Выше я лишь прикоснулся к своеобразию бахтинского прочтения книги Рабле и бегло очертил общую плодотворность такого ее прочтения. Теперь попробую разобраться со всем этим основательнее. Согласно концепции Бахтина, раблезианская поэтика прежде всего карнавальна. Это вроде бы "вторая жизнь", и она "строится в известной мере как пародия на обычную, то есть внекарнавальную жизнь, как "мир наизнанку" [14]. И всегда - "в той или иной форме, теми или иными средствами - разыгрывает возврат на землю сатурнова золотого века, живую возможность его возврата" [15]. Однако здесь и "смерть включена в жизнь и наряду с рождением определяет ее вечное движение" [16].
Карнавальный смех, утверждает Бахтин, в недрах народной культуры существовал всегда, но в культуру официальную, общепризнанную ему удавалось прорываться лишь по временам и, увы, совсем ненадолго. В этой связи, помимо Рабле, названы еще Боккаччо, Сервантес и Шекспир...
Как видим, бахтинский подход к сочинителю "Гаргантюа и Пантагрюэля" здесь совершенно нов и в высшей степени продуктивен. Но что, по-моему, еще существеннее, так это неизбежно из взгляда такого вырастающее прозрение истинных взаимоотношений между искусством и жизнью. Впро чем, даже Бахтину все-таки не было тогда суждено как-то задачу эту решить (или, может быть, следует выразиться чуть осторожнее: "прояснить").
Тем не менее Бахтин - в отличие от Дживелегова и даже от Пинского (которого, кстати сказать, ставил очень высоко именно как исследователя Рабле) - в изображении Телемской обители и в письме Гаргантюа к Пантагрюэлю отмечал явственный "смеховой обертон" [17]: иными словами, сомневался в том, что помянутые эпизоды задумывались автором как панегирические.
В то же время (и вовсе не исключено, что по соображениям, увы, цензурным) Бахтин не отказывался от веры в постепенное накопление "нового и лучшего" [18], даже многократно повторял эту весьма туманную формулу "прогресса". Однако он ни разу ее не конкретизировал - не только в политико-идеологическом, но и даже в чисто историческом плане. У него все как будто сводилось к "раблезианскому безоговорочному оправданию жизни со включением в нее смерти" [19].
И тогда как бы выходит, что, по разумению Бахтина, смысл жизни состоит не в некоей ее целеустремленности, а исключительно в ней самой, то есть в "голом факте" ее наличия и протекания.
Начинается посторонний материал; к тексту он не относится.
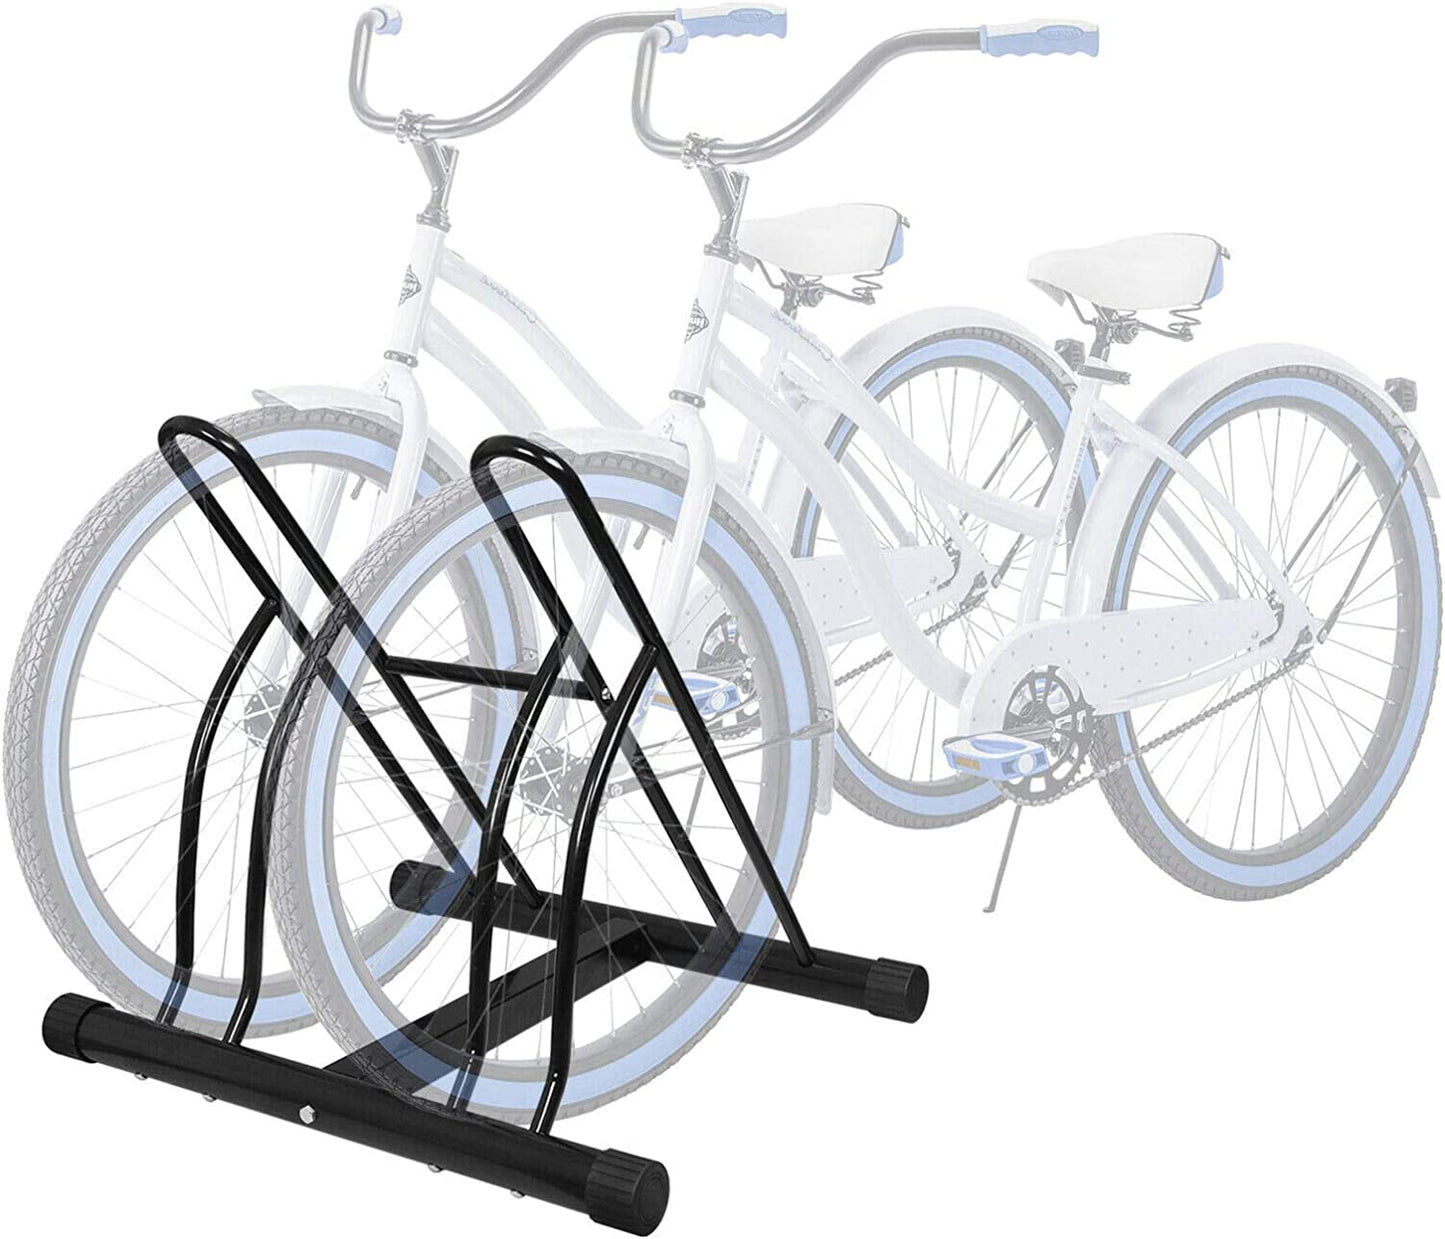 2 Bike Floor Stand Floor Bicycle Rack, Free Standing Indoor Outdoor Garge Bicycle Rack for Mountain Bikes Road Bikes

Полагаю, что недаром Бахтин - вроде бы подправляя великолепный в общем и целом русский текст "Гаргантюа и Пантагрюэля", принадлежащий перу Н. Любимова, - передал надпись на храме Божественной Бутылки не словами "всё движется к своей цели", а - "всё движется к своему концу". Ибо "цели" жизни вне ее самой вроде как бы и нет, а "смысл" надлежит искать как раз внутри бессмыслицы?..
И столь же не случайно Бахтин - в тщательно и подробно описываемых карнавальных действах - привержен отнюдь не мимесису (то есть не той или иной форме подражания, направленного на бытие, на природу или, наконец, на общество), но именно моменту "игры": "В образах игры видели как бы сжатую универсалистическую формулу жизни и исторического процесса: счастье-несчастье, возвышение-падение, приобретение-утрата, увенчание-развенчание" [20]. Высказывание это весьма и весьма любопытно. Ведь немыслимо же предположить, будто Бахтин плохо отдавал себе отчет в том, что есть исторический процесс в общепринятой у нас тогда марксистско-ленинской интерпретации! И тем не менее он толкует здесь вовсе не о социальном прогрессе, а скорее лишь о круговороте, коловращении то и дело повторяющихся форм бытия.
Думаю, что "Гаргантюа и Пантагрюэль" и интересовал-то Бахтина по преимуществу в этом, я бы сказал, экзистенциально-"постмодернистском" аспекте. Например, подробно разглядывая (уже под конец своего сочинения) народную точку зрения "на войну и мир, на агрессора, на власть, на будущее", он особо выделяет "веселую относительность", в которой, по его словам, "не стираются, конечно, различия между справедливым и несправедливым, правым и неправым, прогрессивным и реакционным в разрезе данной эпохи и ближайшей современности, - но различия эти утрачивают свою абсолютность, свою одностороннюю и ограниченную серьезность" [21]. Иными словами, все не только на веселый лад относительно, но и (что, может быль, еще любопытнее) сверх того еще и лишено главнейшего своего признака - какой-то непоколебимой, бетонной абсолютности, всегда отличавшей сугубо "модернистский" взгляд на вещи...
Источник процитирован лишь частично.